> **The problem**
Beginning at the line containing "Заготовка чоловічої сорочки", repeat each line below exactly up to and including the line containing "Variedade de ferramentas". Do not repeat the pictures.
Input data Block Start
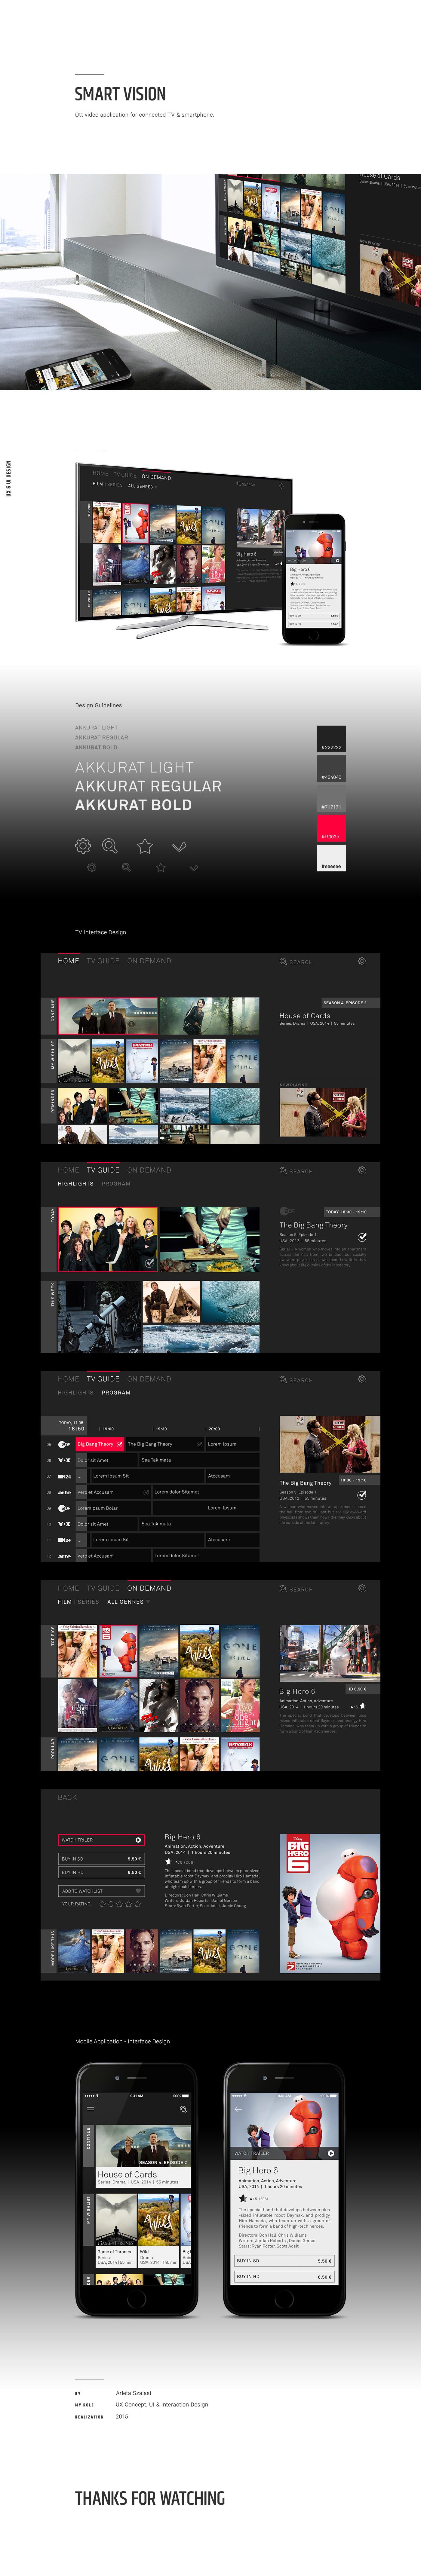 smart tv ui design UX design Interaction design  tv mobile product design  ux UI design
Input data Block End
Input data Block Start
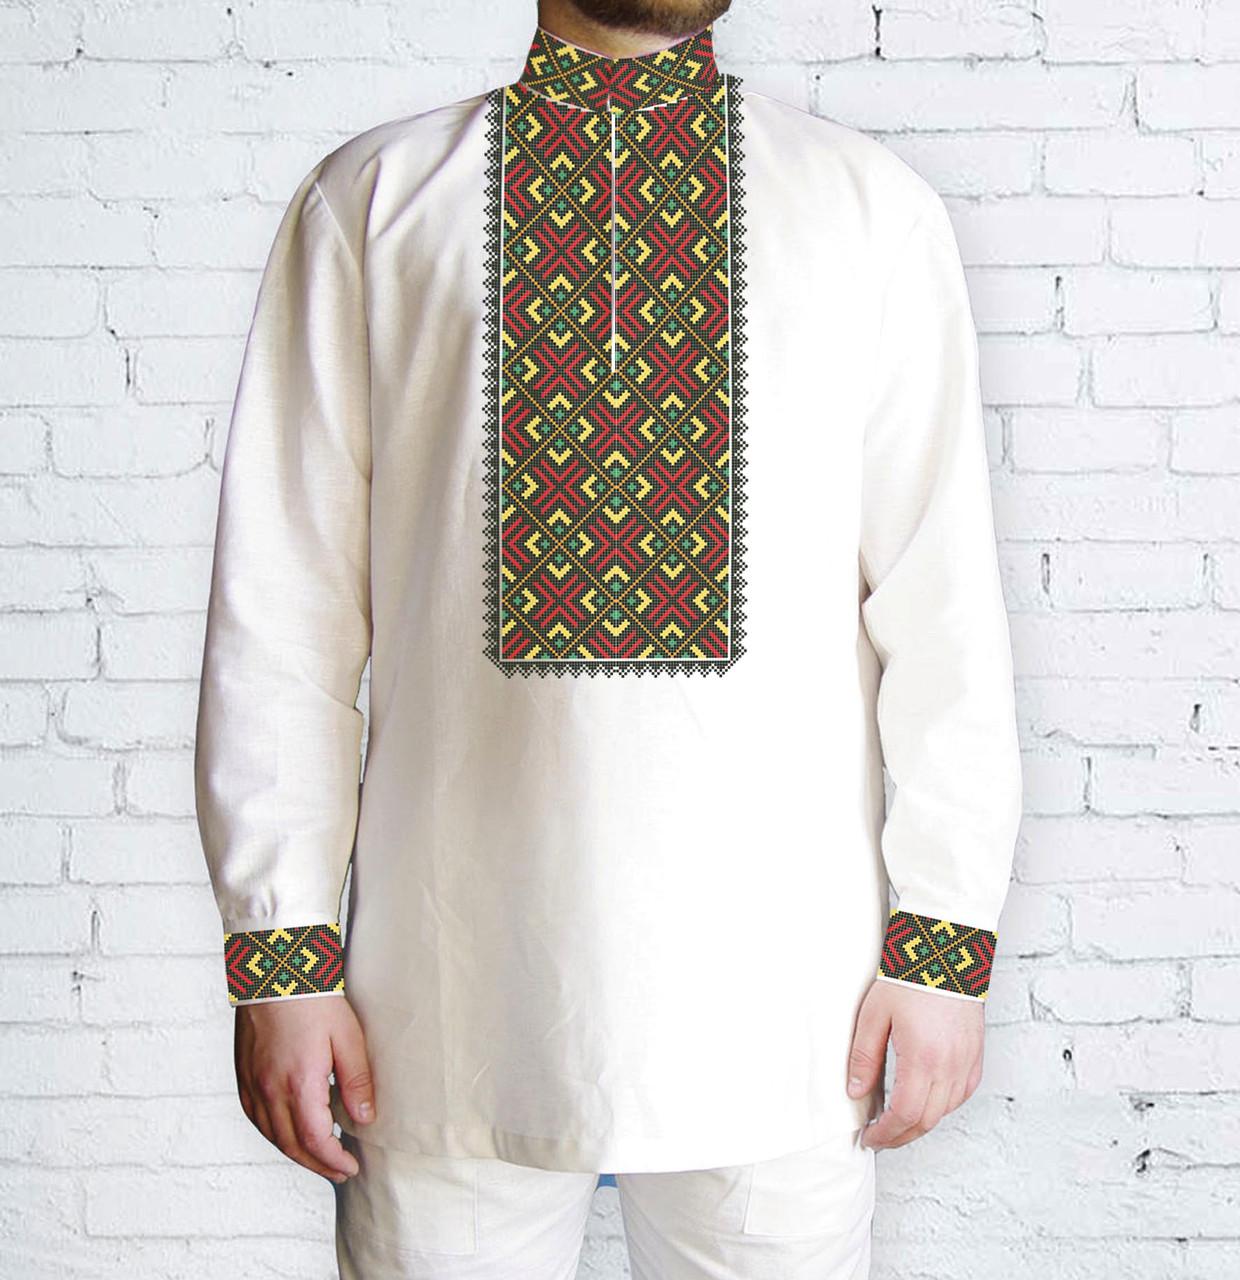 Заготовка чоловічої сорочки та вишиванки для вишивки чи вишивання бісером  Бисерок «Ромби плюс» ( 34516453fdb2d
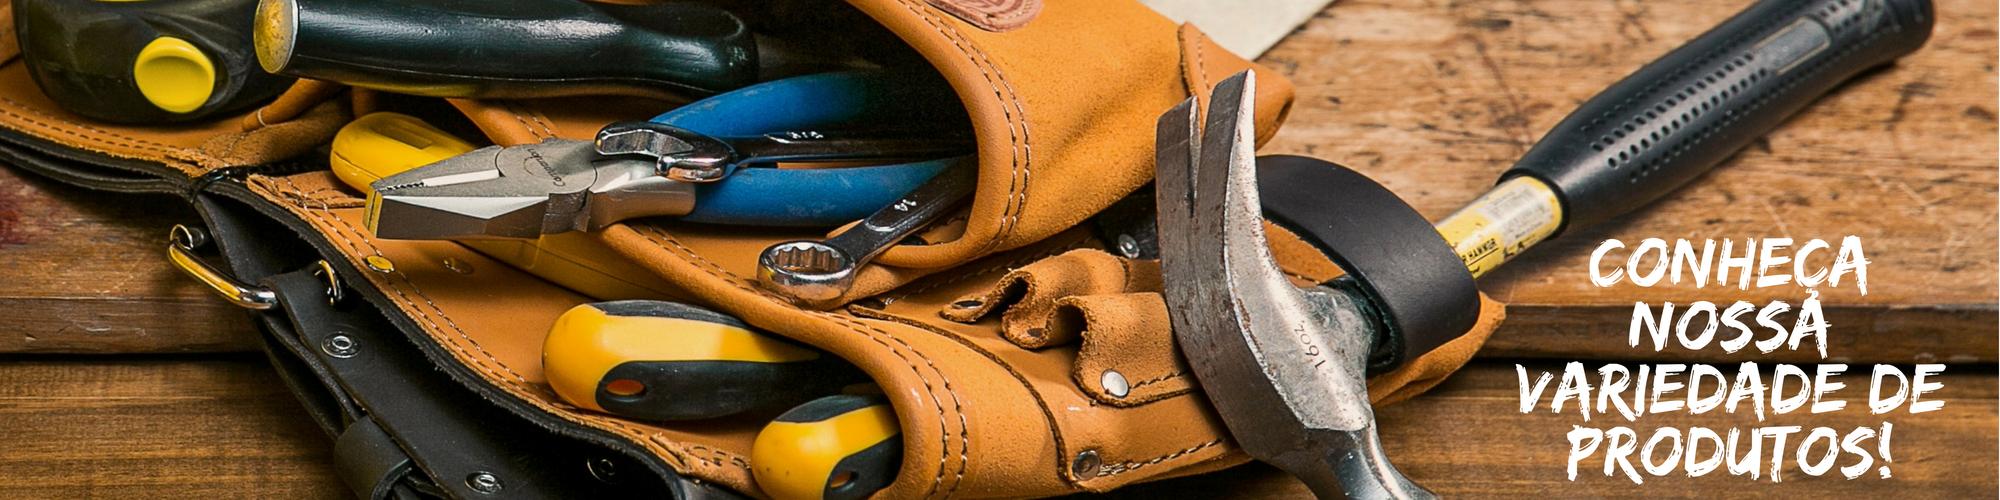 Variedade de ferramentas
Input data Block End
> **Answer space**
 Заготовка чоловічої сорочки та вишиванки для вишивки чи вишивання бісером  Бисерок «Ромби плюс» ( 34516453fdb2d
 Variedade de ferramentas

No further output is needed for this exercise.